В конце советско-германской войны все сформированные в начале 1945 г. части власовской Русской Освободительной Армии (РОА), пытавшейся использовать советско-германскую войну для освобождения России от жидобольшевицкого режима, не сделав ни единого выстрела, сдались англо-американским войскам. Однако натолкнулись на полное непонимание идеи «третьей силы» (против Сталина и Гитлера) и даже на враждебность, у англо-американцев к этому была конкретная причина: русские батальоны, использованные немцами на западном фронте.

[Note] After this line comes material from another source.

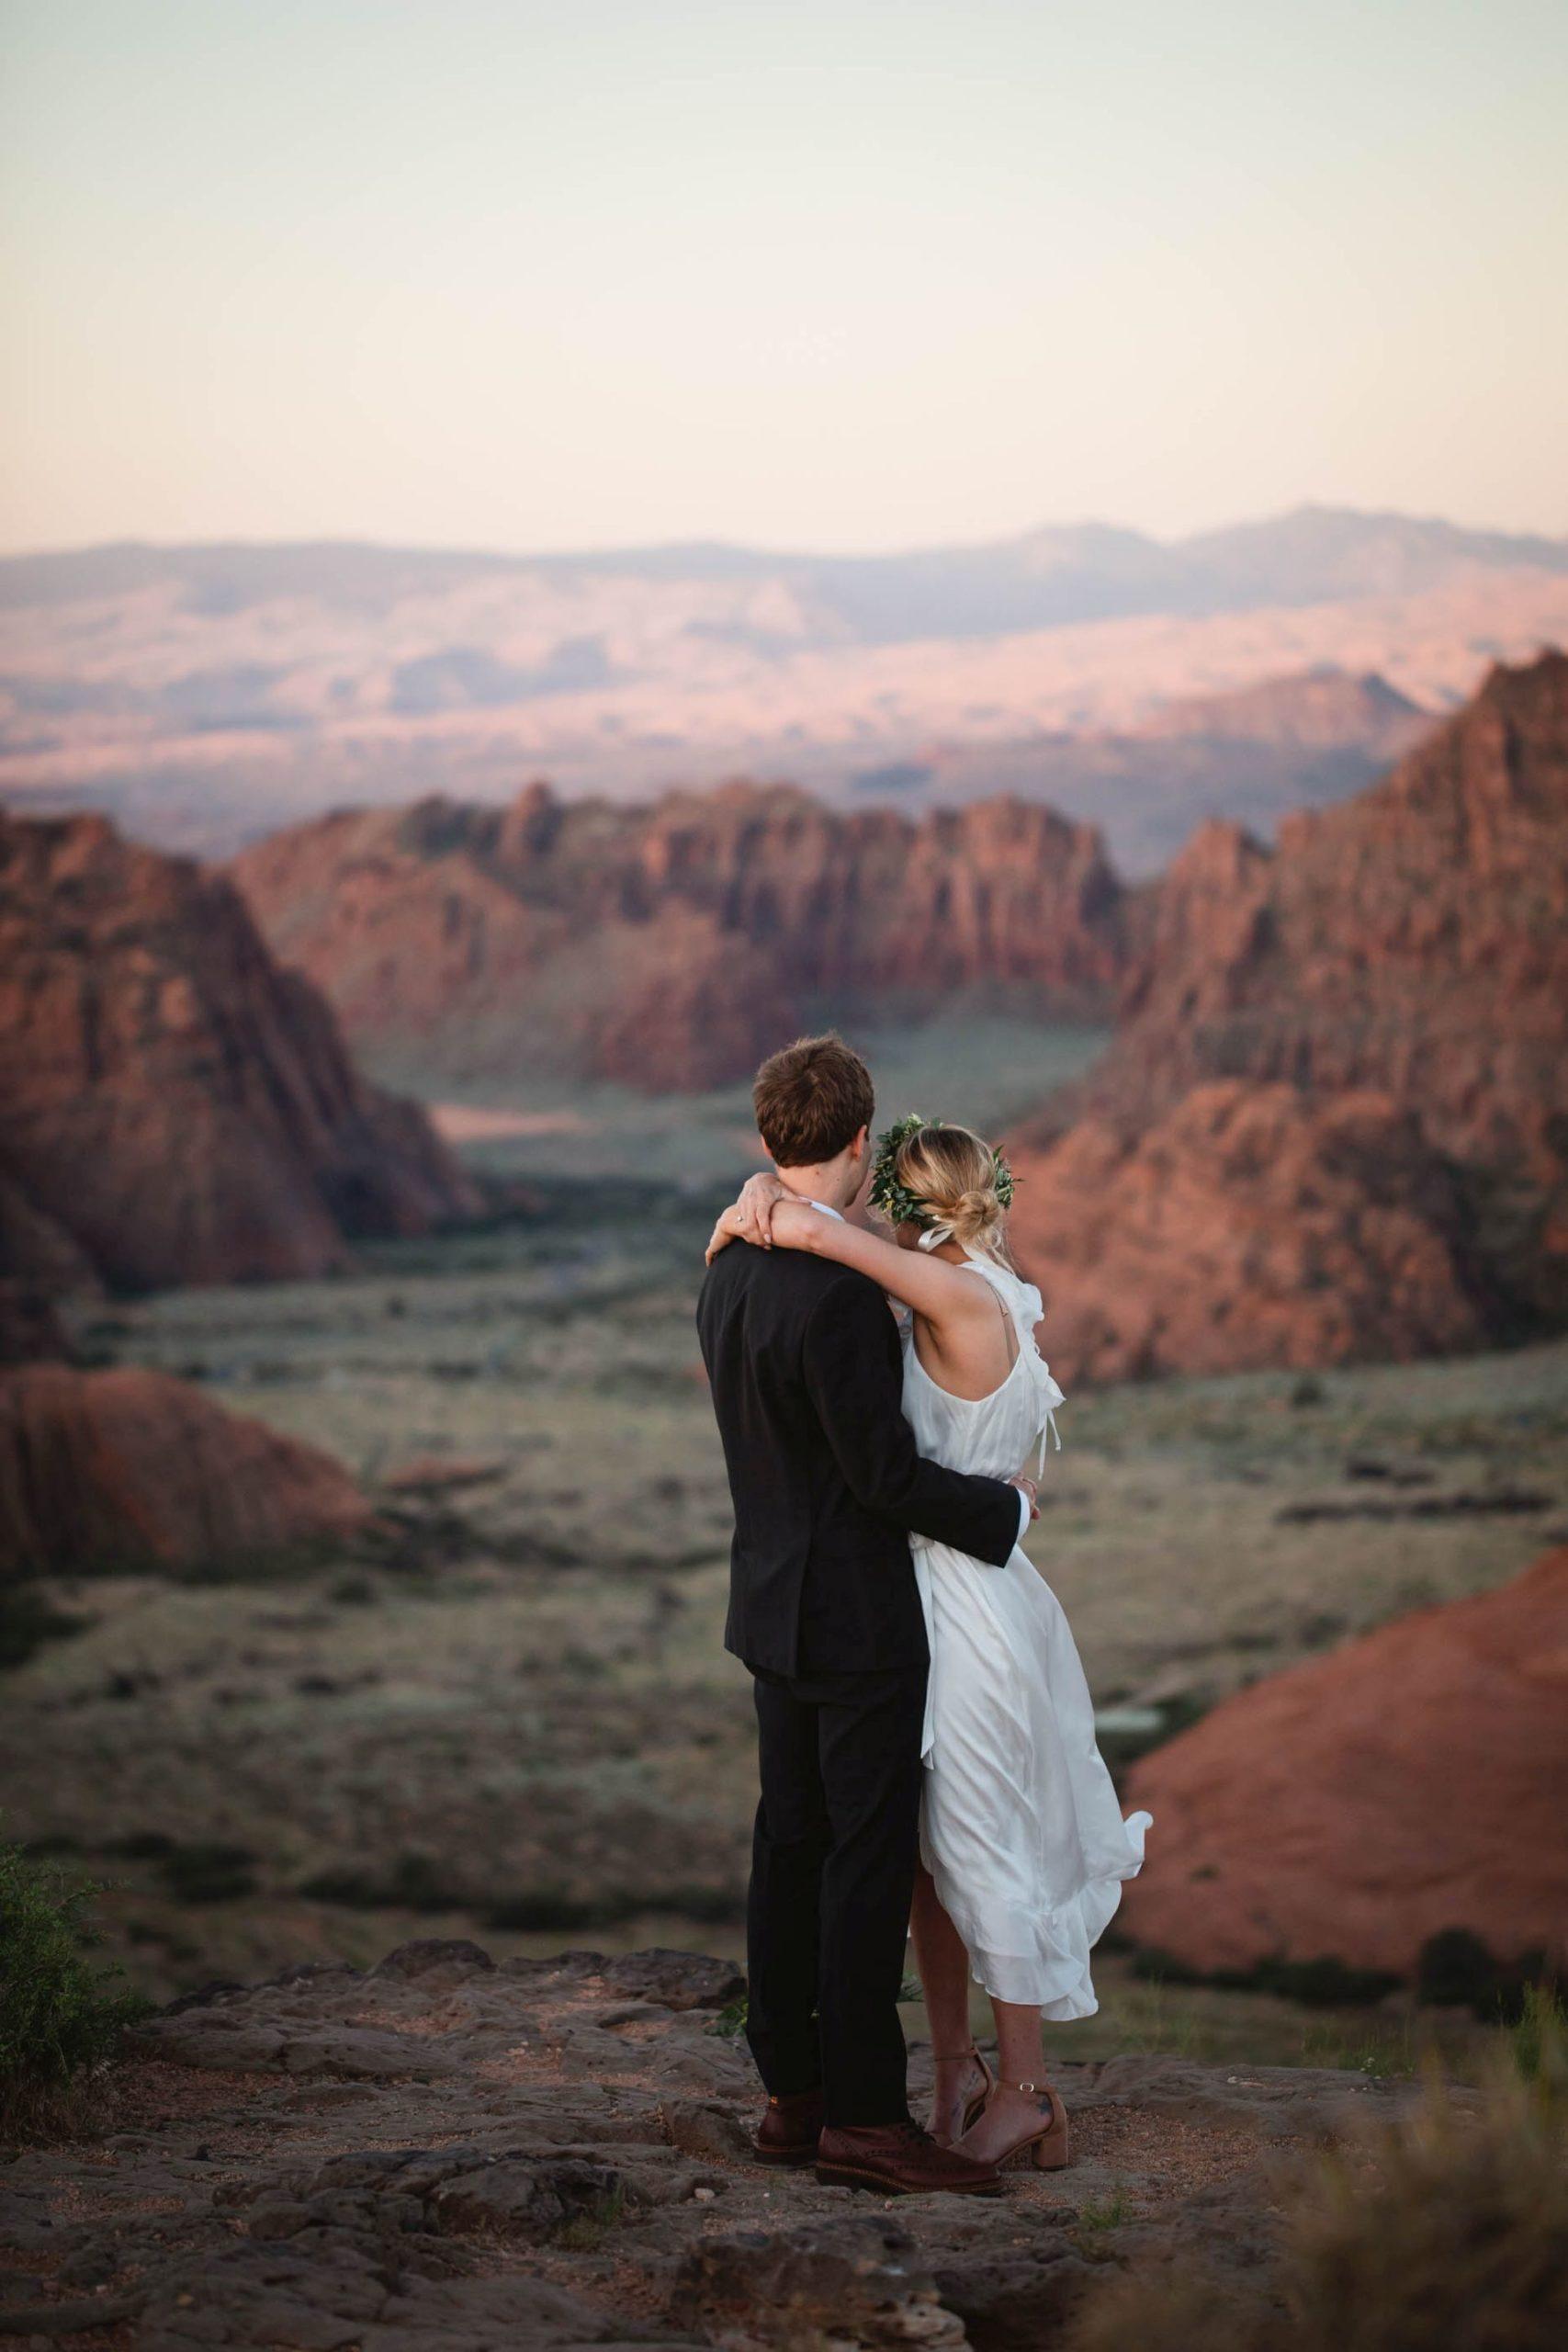 hike-out wedding utah desert - couple in front of desert views at sunset

Руководители РОА пытались объяснить, что Комитет Освобождения Народов России (КОНР, созданный лишь в ноябре 1944 г. в Праге) к этому отношения не имел и не мог этого предотвратить. Они просили для РОА политического убежища и выражали готовность объяснить перед судом, почему оказались союзниками немцев…

Власов, Меандров, а также старые эмигранты ген. С.К. Бородин (командир полка у Туркула), ген. П.Н. Краснов писали меморандумы. Объясняли, что сталинское правительство не имеет полномочий от народа, который постоянно боролся против большевиков (гражданская война, восстания), и РОА продолжает эту борьбу. Поэтому не Сталин должен быть союзником демократий, а Русское Освободительное Движение (РОД). Были коллективные письма королю Георгу VI, в Лигу Наций, в Международный Красный Крест, архиепископу Кентерберийскому, супруге президента США Рузвельта (отмечалось, что при сталинском режиме было убито около 20 миллионов человек). Меандров напоминал о приказе № 270 от 16 августа 1941 г., по которому сдавшиеся в плен советские солдаты считались изменниками и заочно приговаривались к смерти, а их семьи к аресту.

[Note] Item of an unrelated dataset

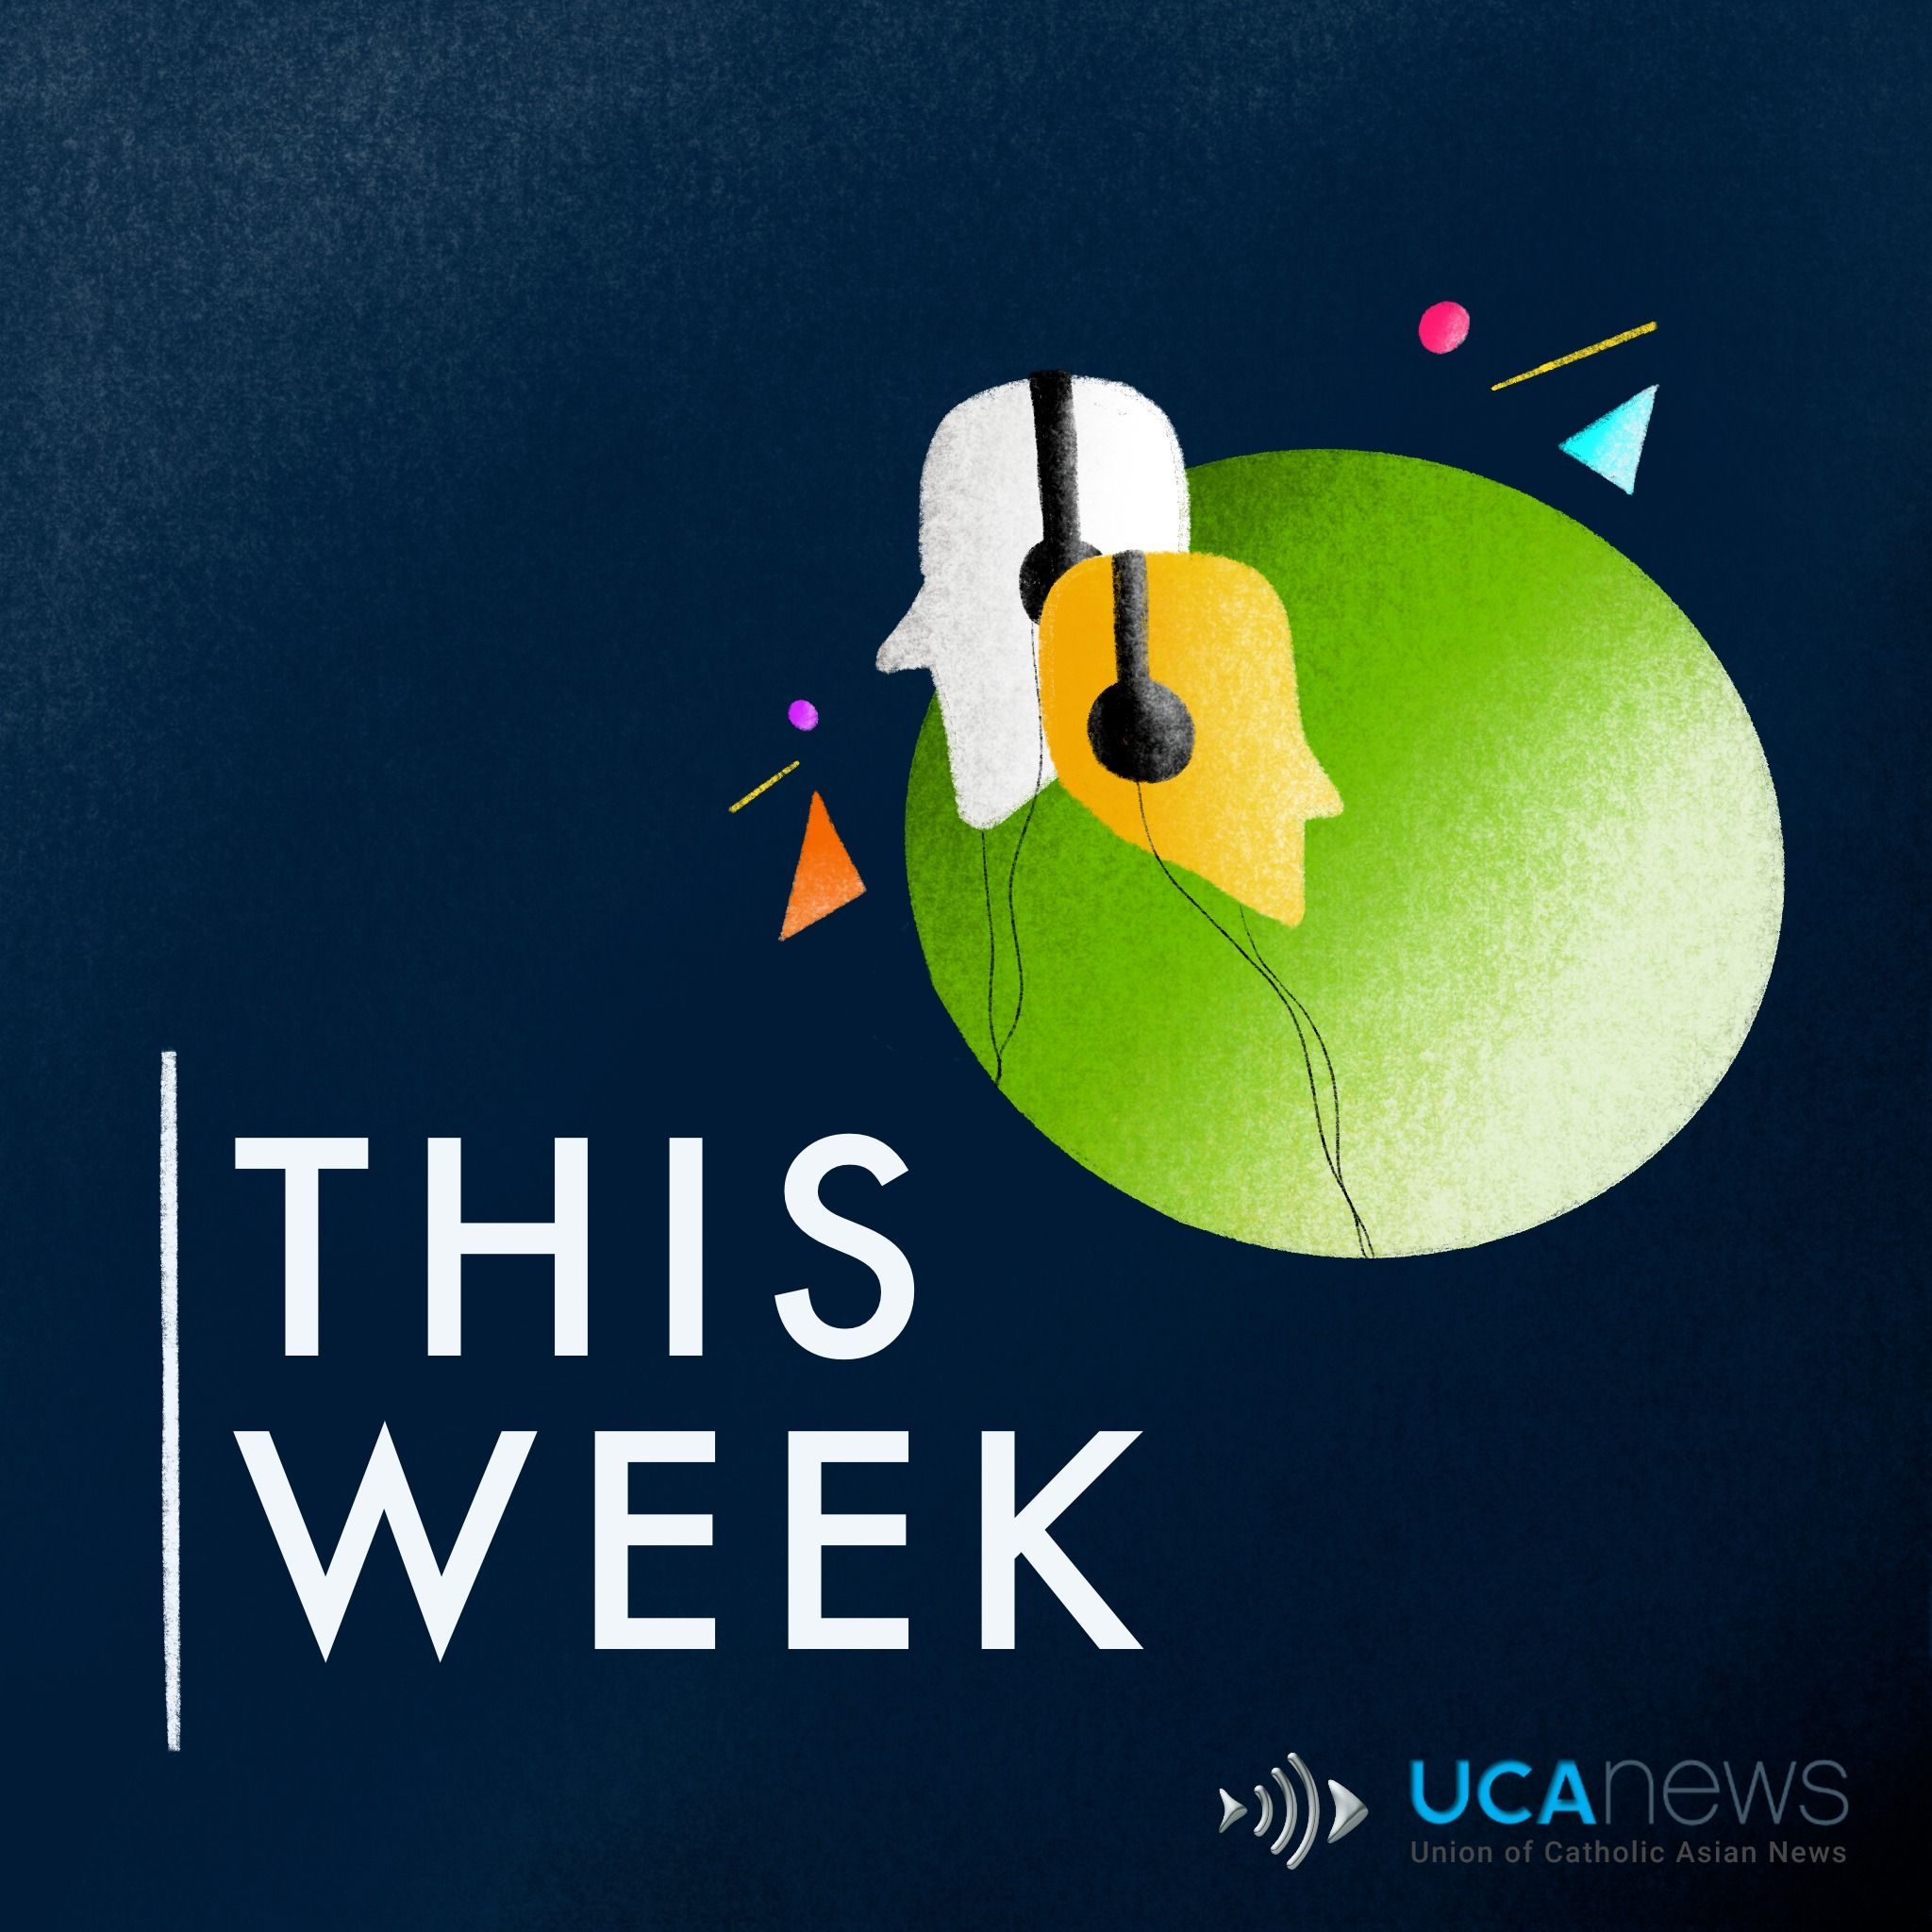 UCA News Weekly Summary, February 12, 2021

Меандров подбадривал своих солдат, объясняя, что «Соединенные Штаты, поборники свободы и демократии, сумеют «отличить бандитов от идейных борцов и возьмут последних под свою защиту»» [54]. Этим поддерживалась дисциплина, некоторые части приняли участие в восстановительных работах. Кое-кто из старых эмигрантов надеялся на повторение «галлиполийского чуда» (1920)

Никто из них не знал, что их участь была давно предрешена союзными правительствами. Первые группы вездесущих русских в немецкой форме были захвачены англо-американцами в Северной Африке и тихо выданы в СССР через Египет и Иран, по устной договоренности, еще в 1943 г. В 1944 г. так же стали поступать с пленными, захваченными в Европе. 11 февраля 1945 г. эта договоренность была зафиксирована в Ялте подписанием секретного соглашения между демократиями и Сталиным о выдаче в СССР всех советских граждан по состоянию границ на 1 сентября 1939 г., независимо от их согласия. (Генерал де Голль заключил со Сталиным свое «ялтинское соглашение» 29 июня 1945 г. [55]…)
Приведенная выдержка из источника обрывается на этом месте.